En Afrique, le Maroc est l’un des pays les plus touchés par le déficit hydrique. Avec plusieurs années consécutives de sécheresse et les effets du changement climatique, le gouvernement mise sur la création de nouveaux barrages afin de renforcer l’approvisionnement du pays en ressources hydriques.
Le Maroc renforce sa stratégie d’adaptation au stress hydrique avec le lancement d’un nouvel ouvrage hydraulique dans le sud‑est du pays. Selon les informations relayées par les médias locaux le 25 mai, le ministère de l’Équipement et de l’Eau a ouvert un appel d’offres international pour la construction du barrage de Falit, dans la province de Figuig.
D’un coût total estimé à environ 428 millions de dirhams (près de 46,5 millions $), les travaux de construction de cette nouvelle infrastructure hydraulique sont prévus pour démarrer à l’horizon 2029/2030.
Un barrage destiné à plusieurs usages
Prévu au nord de Bouarfa, dans l’oued Mouloudah, le futur barrage aura une capacité de stockage de 25 millions m³. Il sera conçu en béton compacté au rouleau (BCR), atteindra 59 mètres de hauteur et sera équipé d’un dispositif d’évacuation des crues ainsi que d’une conduite de vidange capable d’évacuer jusqu’à 28 m³/s, permettant également de vider la retenue en une quinzaine de jours en cas de nécessité.
Selon les autorités, l’ouvrage remplira trois fonctions principales : l’approvisionnement en eau potable, l’irrigation agricole et la protection contre les inondations, fréquentes dans les zones arides lors des épisodes de pluies intenses.

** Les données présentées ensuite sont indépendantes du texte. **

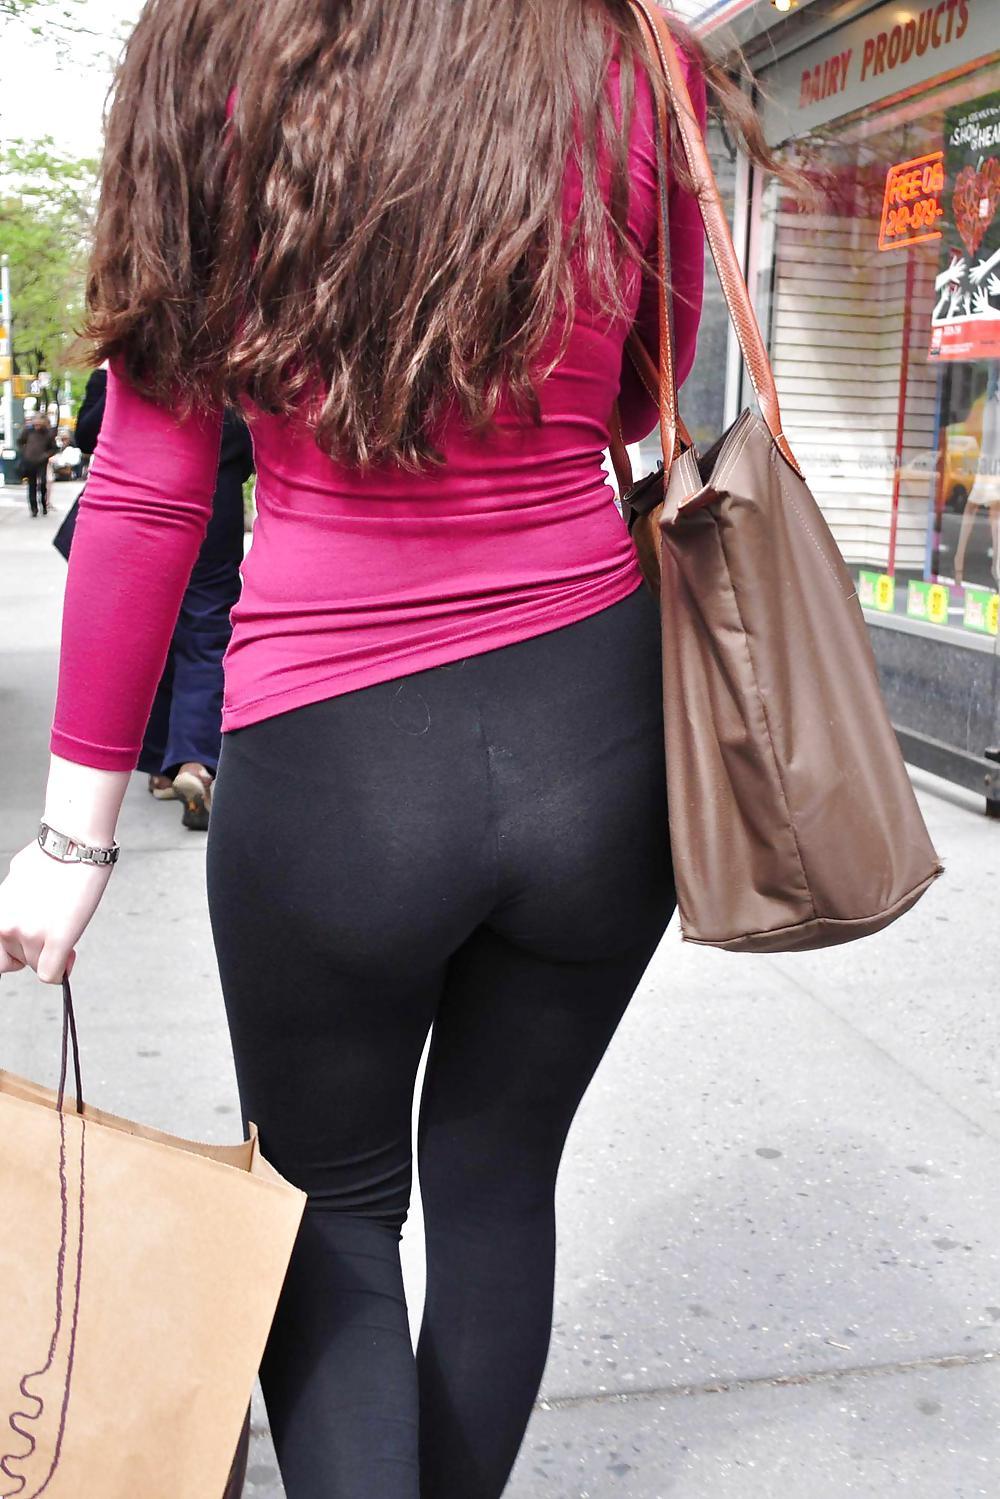 Puta falda corta - 2 part 4

Il faut noter que la région de Figuig illustre les paradoxes hydrologiques du Maroc oriental, marqué par des précipitations rares, mais souvent violentes et concentrées, générant à la fois des périodes prolongées de sécheresse et des risques de crues soudaines. Les estimations hydrologiques indiquent un apport moyen annuel de 10,3 millions de m³ sur le site, avec des pics pouvant atteindre 40,8 millions m³. Dans ce contexte, le barrage vise à capter et réguler une ressource hydrique hautement irrégulière, souvent perdue faute d’infrastructures de stockage.
Au‑delà de la gestion des eaux, ces investissements traduisent une stratégie plus large de sécurisation hydrique et de soutien au développement agricole dans les zones arides. Le soutien à l’irrigation est d’autant plus stratégique quand on sait que dans le Royaume chérifien, l’agriculture irriguée représente environ 45 % en moyenne de la valeur ajoutée agricole, 75 % du volume des exportations agricoles et 86 % de la production des cultures industrielles, selon les données officielles.
Vers un renforcement de la capacité de stockage d’eau
Plus largement, la construction annoncée du barrage de Falit permettra de renforcer la capacité de rétention d’eau à travers le pays. Le Maroc qui exploite déjà plus de 150 barrages de grande capacité totalisant près de 20,8 milliards m³, prépare l’entrée en service d’une vingtaine d’ouvrages similaires d’ici 2027.
S’exprimant en avril dernier sur le sujet, Nizar Baraka, ministre de l’Équipement et de l’Eau, a révélé que 16 grands barrages sont en cours de réalisation à des niveaux avancés, tandis que 7 autres sont programmés d’ici l’année prochaine. Cette politique constitue l’un des piliers du Programme national d’approvisionnement en eau potable et d’irrigation 2020-2027, qui prévoit également le recours accru au dessalement de l’eau de mer et à la réutilisation des eaux usées traitées
Dans un pays classé parmi les zones en stress hydrique structurel, ces infrastructures deviennent un levier central de politique publique, à la croisée des enjeux climatiques, alimentaires et territoriaux. Le pays disposait de 620 m³ d’eau par habitant en 2020, contre 2 560 m³ en 1960, selon la Banque mondiale. Ce niveau pourrait tomber sous la barre des 500 m³ par habitant d’ici 2030, seuil qui correspond à une situation de pénurie absolue.